Question

It is given that a curve has equation $$y=f\left ( x \right )$$  ,where $$f\left ( x \right )=x^{3}-2x^{2}+x$$

(i)Find the set of values of x for which the gradient of the curve is less than 5.

(ii)Find the values of f(x) at the two stationary points on the curve and determine the nature if each stationary point.

(i)$$3x^{2}-4x+1< 5$$

$$\left ( 3x+2 \right )\left ( x-2 \right )< 0$$

$$-\frac{2}{3}< x< 2$$ or $$\left [ -\frac{2}{3} ,2\right ]$$ or $$\left ( -\frac{2}{3} ,2\right )$$

(ii)$$3x^{2}-4x+1=0\Rightarrow \left ( 3x-1 \right )\left ( x-1 \right )=0$$

$$x=\frac{1}{3}$$ or 1

$$y=\frac{4}{27} or 0 \(f{}”\left ( x \right )=6x-4\rightarrow f{\left ( \frac{1}{3} \right )}”=-2< 0$$

$$f{}”\left ( 1 \right )=2> 0$$

max at $$\left ( \frac{1}{3},\frac{4}{27} \right )$$ ;min at (1,0)

Question

A curve for which $$\frac{\partial^2 y}{\partial x^2} = 2x − 5$$ has a stationary point at (3 , 6 )

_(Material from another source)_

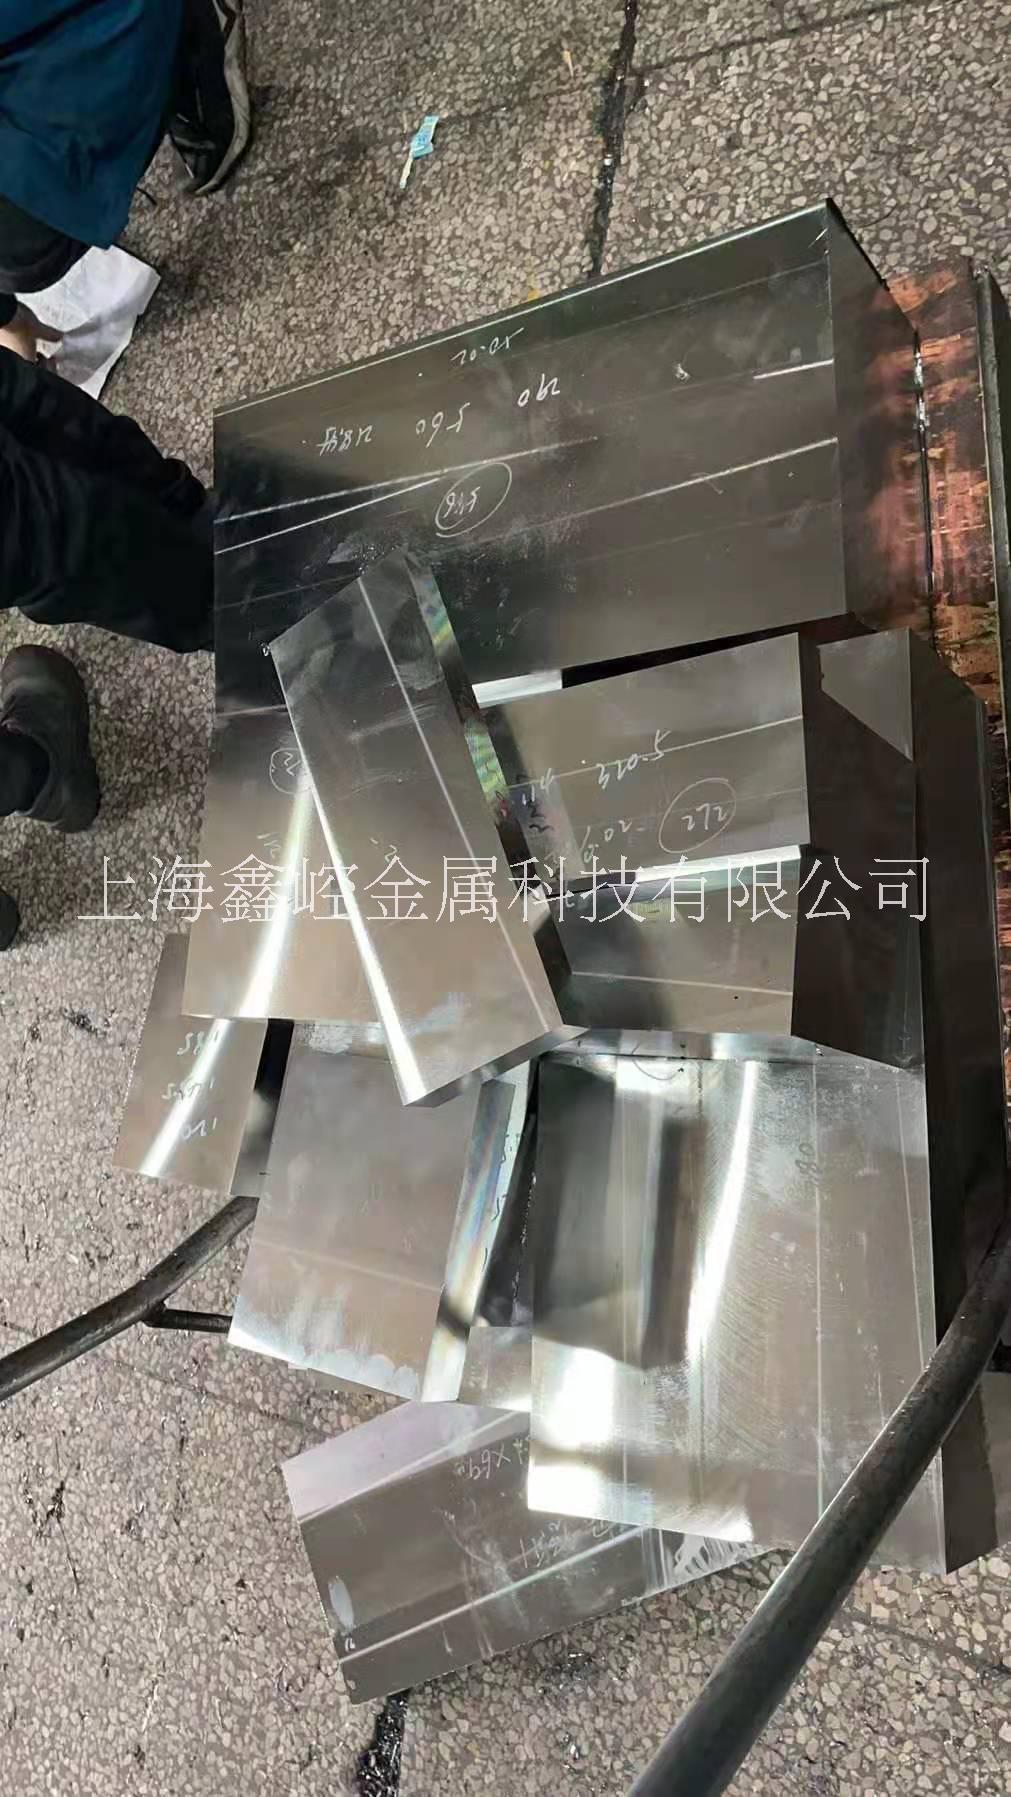 上海厂家批发零售各类模具材料 模具加工 模具定制 工具钢高速钢定制

(i) Find the equation of the curve.

(ii) Find the x-coordinate of the other stationary point on the curve.

(iii) Determine the nature of each of the stationary points.

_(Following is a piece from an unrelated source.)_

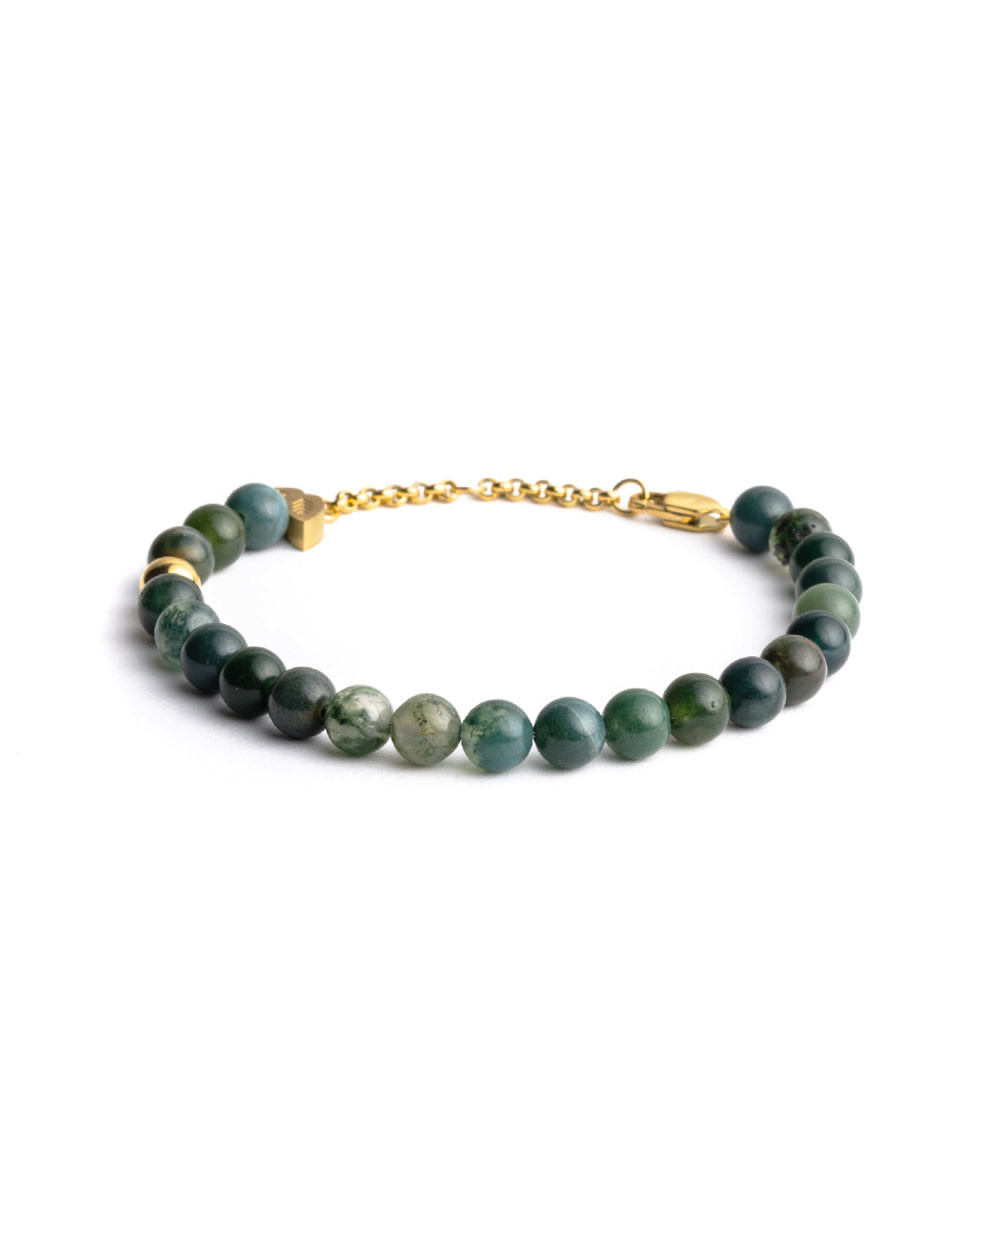 didyma-green-malia-bracelet

(i) integrating → $$\frac{dy}{dx}=x^{2}− 5x (+c)$$

= 0 when x = 3

c = 6

integrating again → $$y=\frac{x^{3}}{3}-\frac{5x^{2}}{2}+6x+d$$

use of (3, 6)  d=1.5

(ii)  $$\frac{\mathrm{d} y}{\mathrm{d} x}=x^{2}-5x+6\rightarrow x=2$$

(iii) $$x=3, \frac{\partial^2 y}{\partial x^2}=1$$ and/or +ve Minimum

$$x=2, \frac{\partial^2 y}{\partial x^2}=-1$$ and /or -ve Maximum

May use shape of$$+x^3$$ curve or change in sign of $$\frac{\mathrm{d} y}{\mathrm{d} x}$$